Prompt caching works with:
- Messages: Complete messages array (system, developer, user, and assistant content)
- Images: Both links and base64-encoded data (must have same detail parameter across requests)
- Tools: Both message array and tool definitions
- Structured Outputs: Schema is appended as a prefix to the system message
Best Practices for Effective Caching
To get the most from caching:
- Put the same content first: Always put instructions and context that don’t change at the very start
- Use stable prompts: System messages and instructions are perfect for caching
- Be exact: Even tiny changes will break the cache, so keep the beginning identical
- Watch your cache hits: Check
cached_tokensin responses to see if caching is actually helping
Example: Good Use Cases
Agent workflows with fixed tool schemas
Tool definitions and structured output schemas can be large and repeated on every call.
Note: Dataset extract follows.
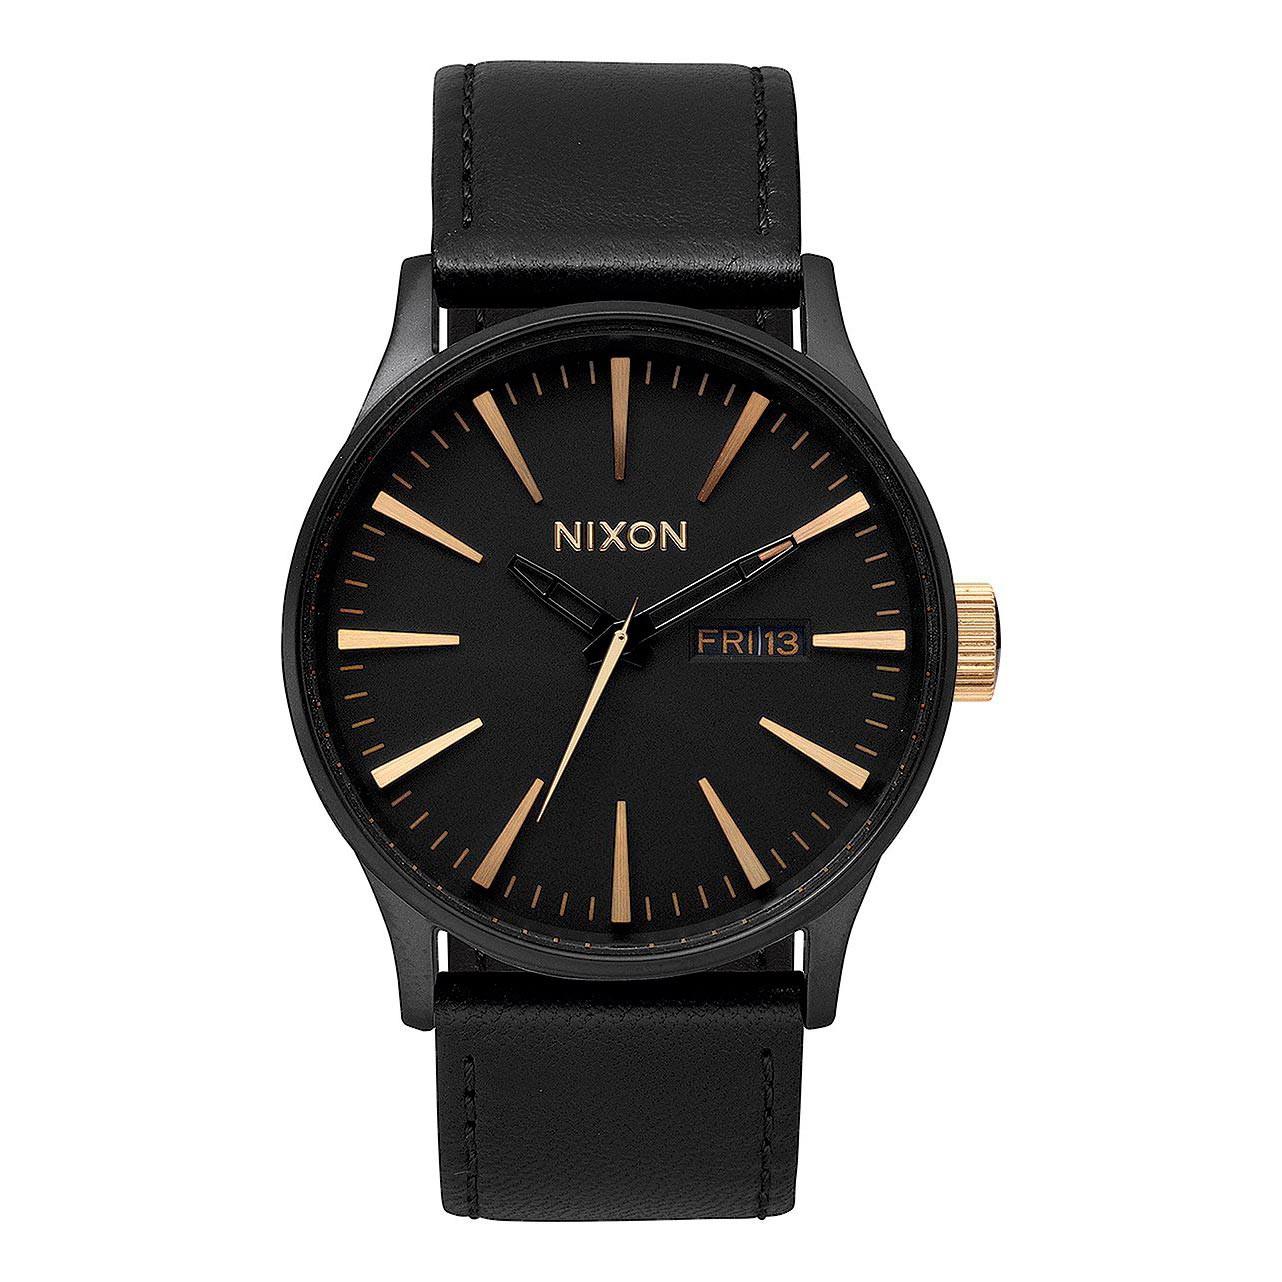 Hodinky Nixon Sentry Leather matte black/gold vel.kůže 16 + doručení do 24 hodin

Batch processing of similar tasks
Example: classify and summarise thousands of records with the same instructions and output format.
Important Notes
- Caching is on by default: You don’t have to do anything to enable it
- Regional deployment: In-memory caching works everywhere; extended caching needs specific deployment types
- Your data stays private: Caches aren’t shared between different Azure subscriptions
- Request limits: If you send more than about 15 requests per minute with the same beginning, some may go to different servers and miss the cache
Let’s have a look:
For the purpose of demonstrating this, I built a Streamlit application that shows this in practice. We will create an agent with a prompt that is larger than 1,024 tokens. The instructions relate to it being an expert in the automotive industry.
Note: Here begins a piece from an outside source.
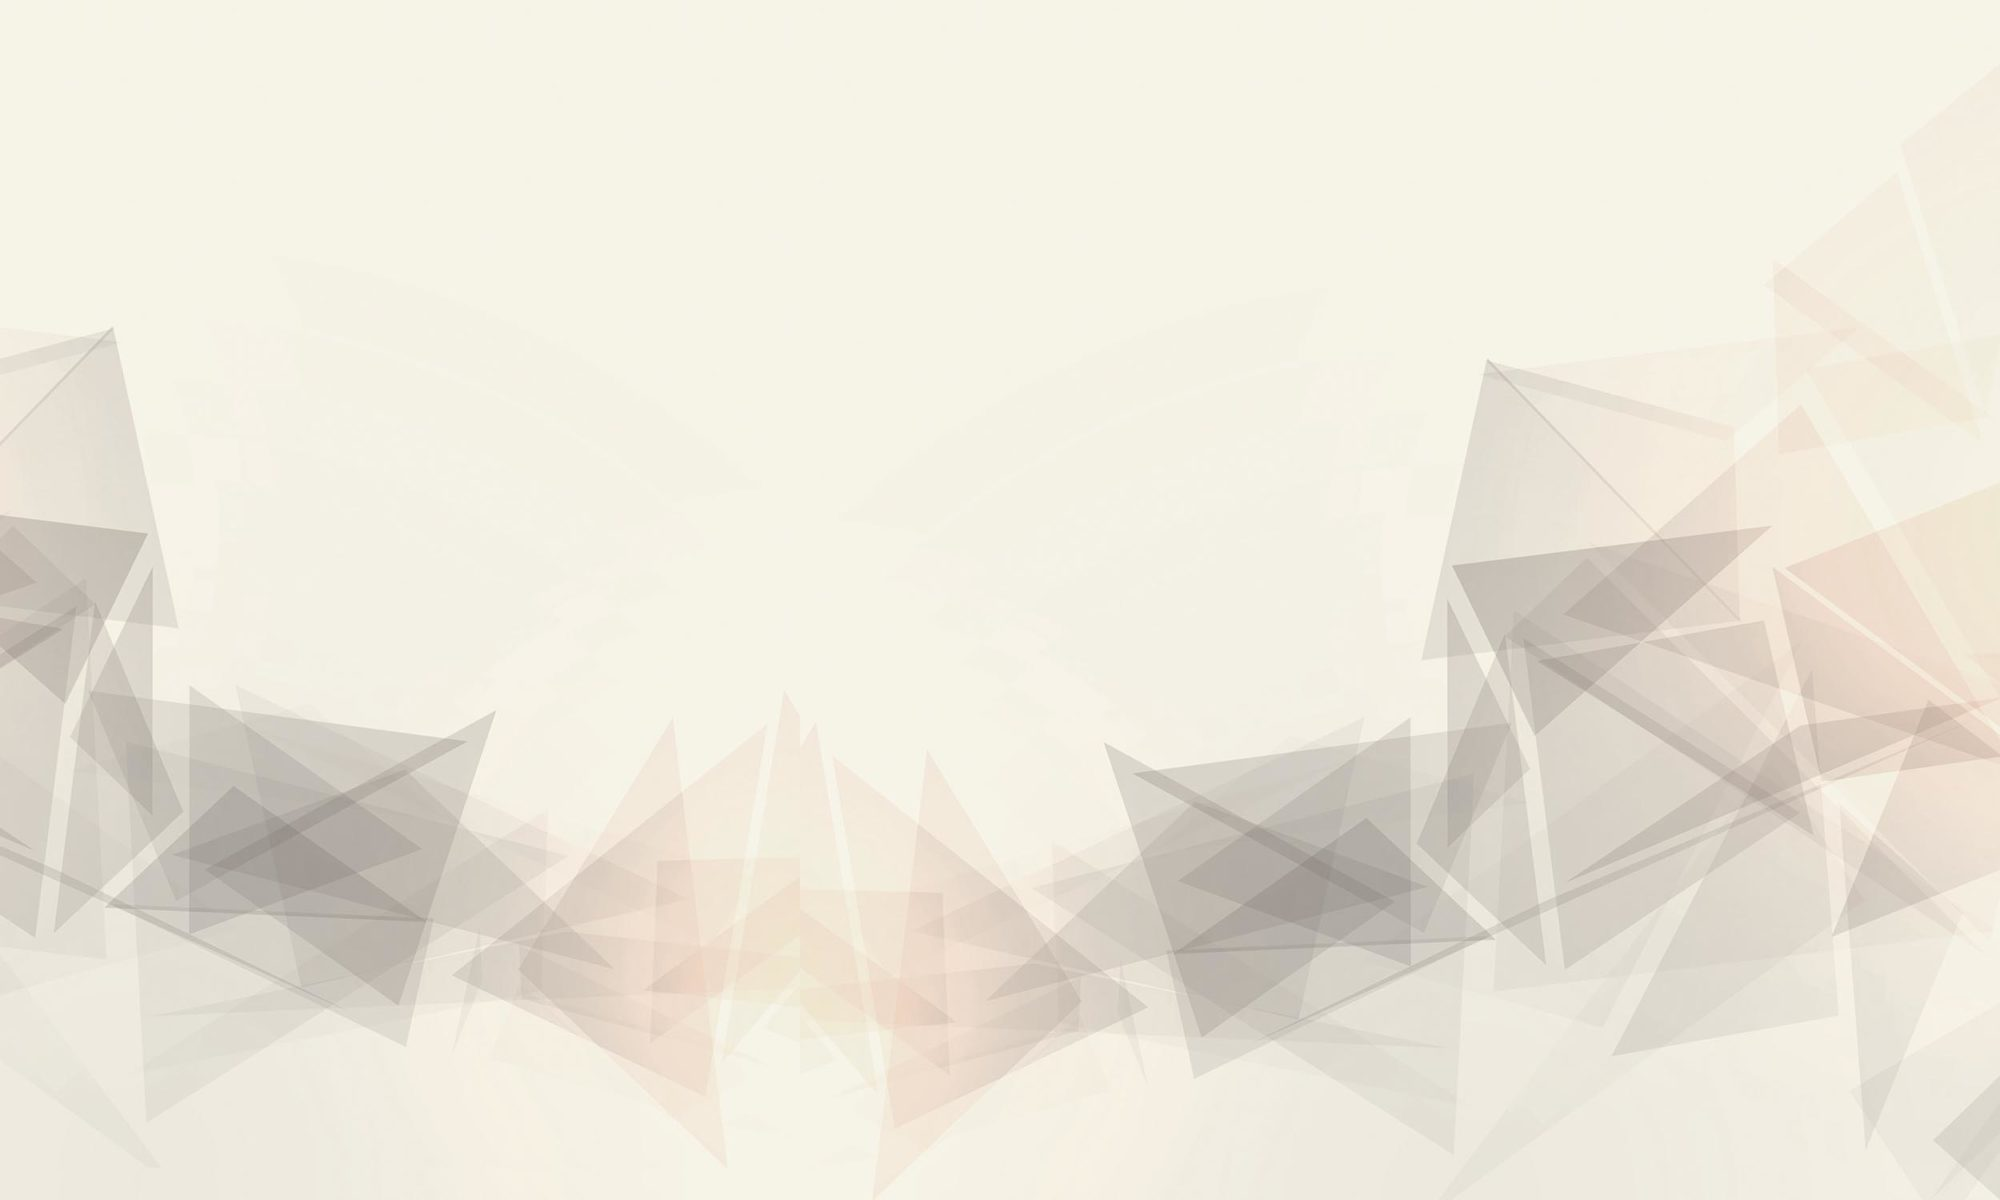 VOUIS STAR
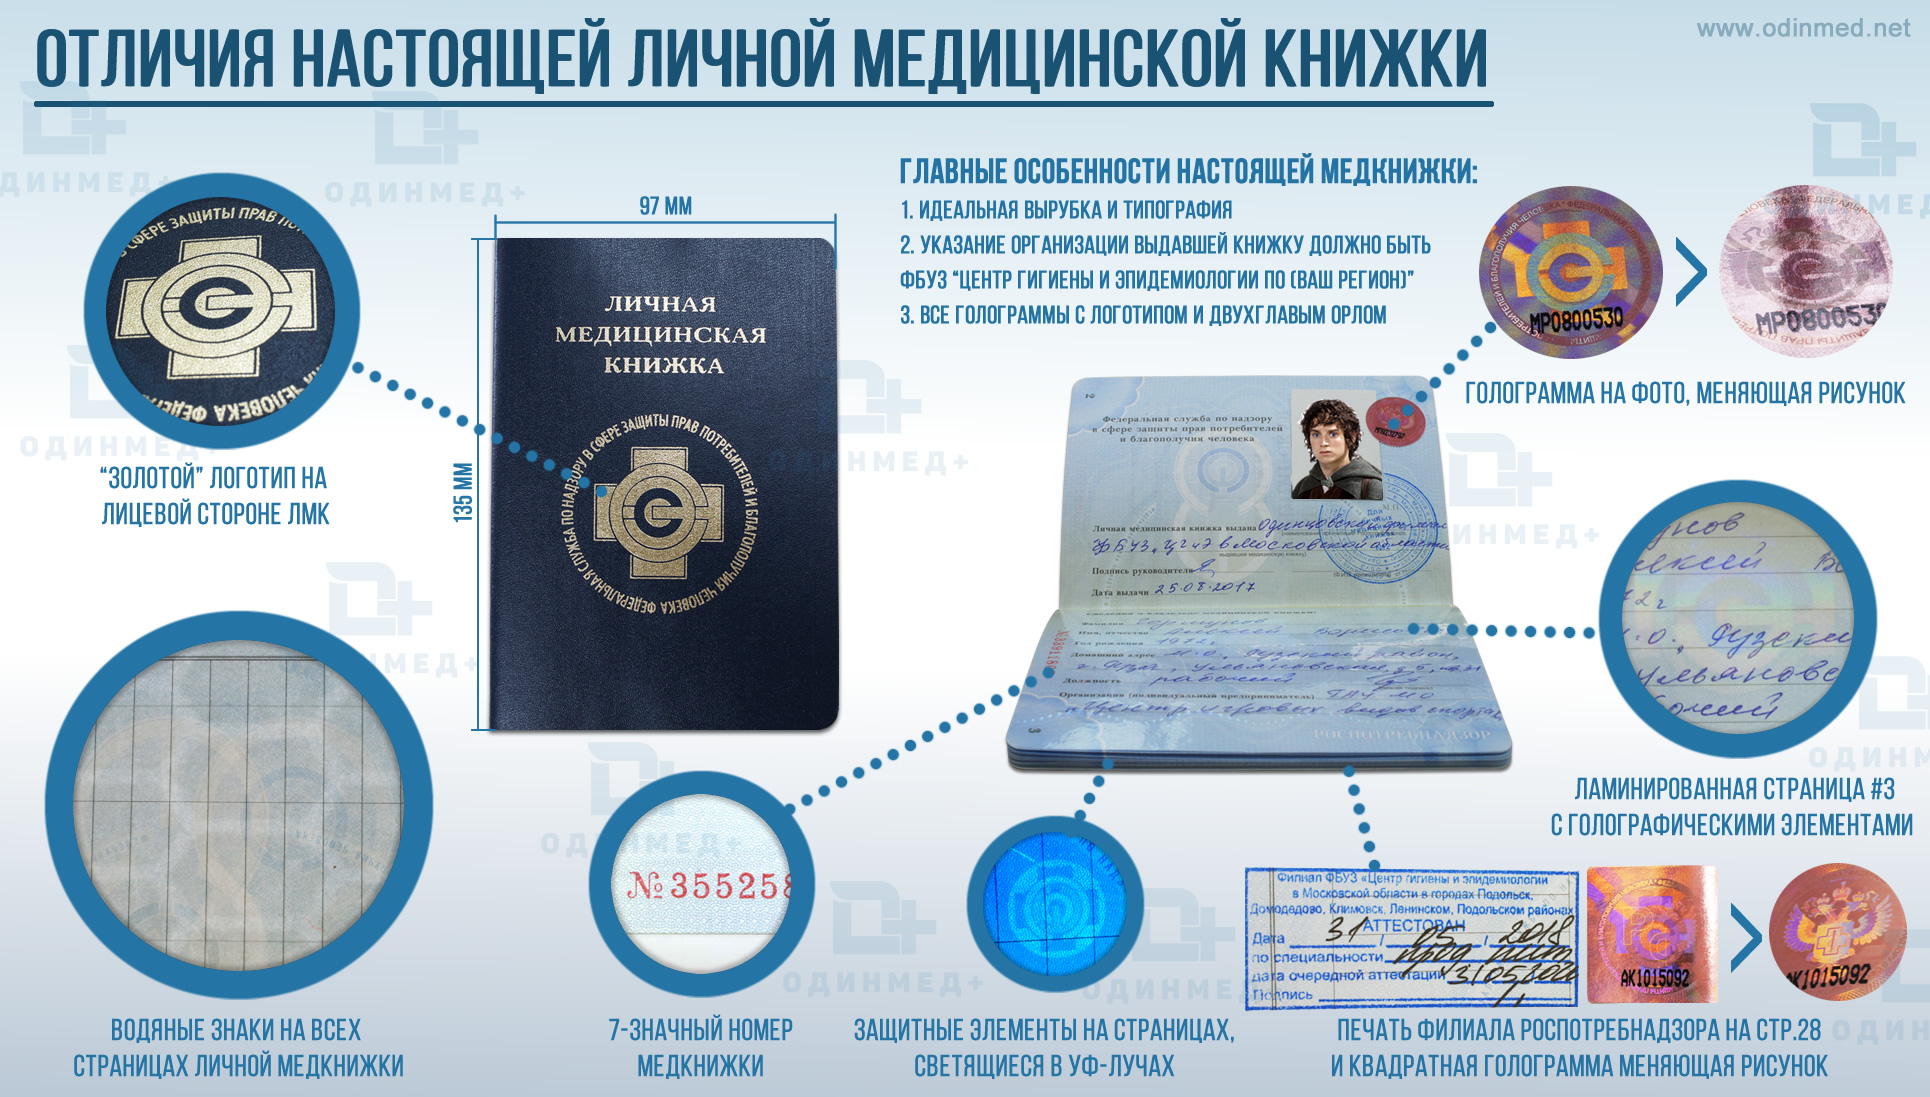 Оформление медицинской книжки официально Москва Западное Дегунино стоимость

Initially, I send it a message saying “Hi”, and the details are below:

Input tokens: 2,193. However, it’s a fresh session, and we’ve never used this before. If I send the same message again, stating “Hi”:

This time we can see that 2,176 tokens were taken directly from the cache. Why this number?
Why cached_tokens was 2,176 (the exact math)
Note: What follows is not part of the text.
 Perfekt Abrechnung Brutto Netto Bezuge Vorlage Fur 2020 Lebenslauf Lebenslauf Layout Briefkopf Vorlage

At first glance, this looks odd because my visible system prompt is around 2,182 tokens. The key point is that cached_tokens is based on the full internal prompt, not just the visible system prompt.
In Foundry, the model input typically includes:
- system instructions
- developer instructions
- tool definitions and schemas
- prior user and assistant messages
- service-level scaffolding injected by the platform
So the cache comparison runs against that full token stream.
Cache matching rules
- The first 1,024 tokens must match exactly
- After that, matching is counted in 128-token blocks
cached_tokensequals the total matched tokens
Reconstructing 2,176
If cached_tokens = 2176, the match was:
Here is the same logic as a flow diagram:
flowchart TD
A[Start cache comparison] --> B{First 1024 tokens identical?}
B -- No --> C[cached_tokens = 0]
B -- Yes --> D[Base cached_tokens = 1024]
D --> E[Check next chunk of 128 tokens]
E --> F{Chunk matches exactly?}
F -- Yes --> G[Add 128 to cached_tokens]
G --> E
F -- No --> H[Stop counting]
H --> I[cached_tokens = 1024 + n * 128]
I --> J[Example: n = 9]
J --> K[cached_tokens = 1024 + 9*128 = 2176]
That means:
- the initial 1,024-token prefix matched
- 9 additional 128-token blocks also matched
- the next 128-token block did not fully match, so counting stopped at 2,176
This is normal and expected behavior.